Other bishops have offered more pointed criticisms of the president. After a mass shooting in August 2019, Bishop Mark Seitz of El Paso, Texas, called upon Trump to “examine himself and the kind of rhetoric that contributes to the hatred of a whole group of people,” as many people blamed the president’s rhetoric for inciting violence. Trump’s rhetoric on immigration has also not encouraged support from Hispanics, many of whom are Catholics. In 2018, many bishops in largely Hispanic dioceses criticized Trump’s family separation policy at a United States Conference of Catholic Bishops meeting.

But even with these obstacles, the Trump campaign’s outreach efforts to Catholics in 2020 is much more organized than its push in 2016, which, in the beginning, was nonexistent.

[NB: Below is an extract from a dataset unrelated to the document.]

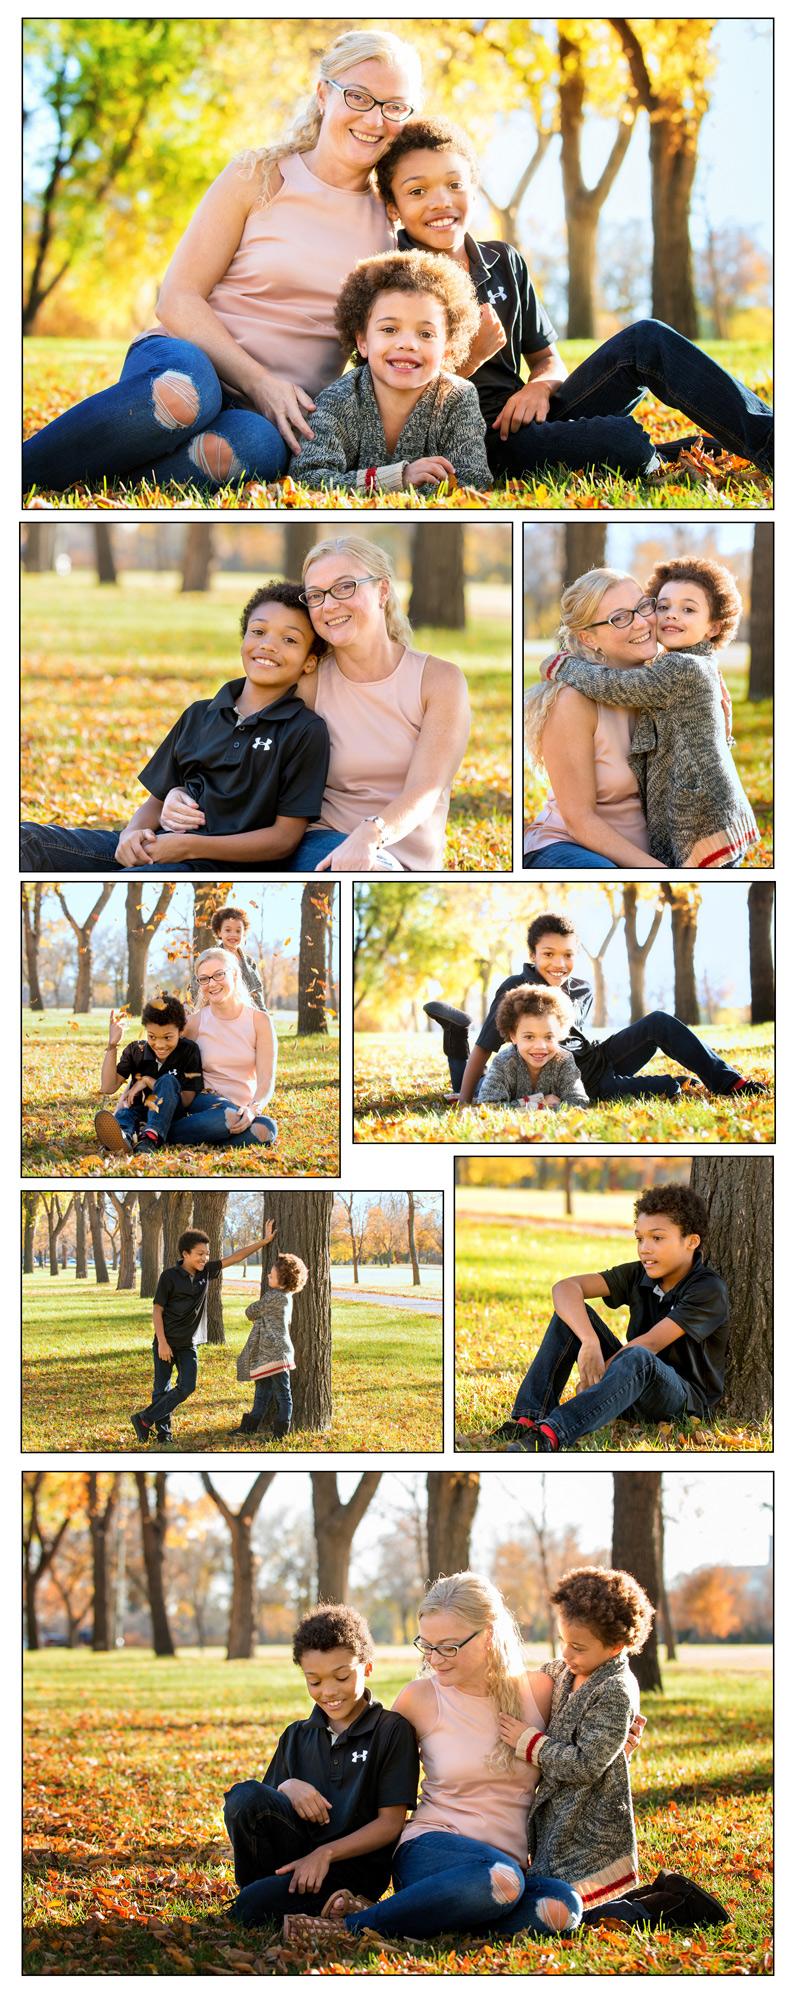 loving-family-free-lense-photo-01.jpg

That changed, however, when Deal Hudson, the director of Catholic Outreach for George W. Bush’s 2000 and 2004 campaigns, convinced the Trump campaign to begin courting Catholic voters in 2016 through a series of tweets and meetings with Catholic leaders.

Once Trump secured the nomination, the campaign organized a Catholic Advisory Committee, including Pavone, former Sen. Rick Santorum, and Matt Schlapp, chairman of the American Conservative Union. The group promised to steer Trump on religious liberty, abortion, and Supreme Court issues.

In 2020, the campaign plans to continue increasing that outreach to Catholics, according to former Rep. Tim Huelskamp, a senior adviser at CatholicVote.org, who is expected to be involved with Catholics for Trump.

“Catholics were of secondary importance to the Trump campaign in 2016, behind evangelicals,” Huelskamp said in January. “That hasn’t changed, but there is at least an effort to reach this community now.”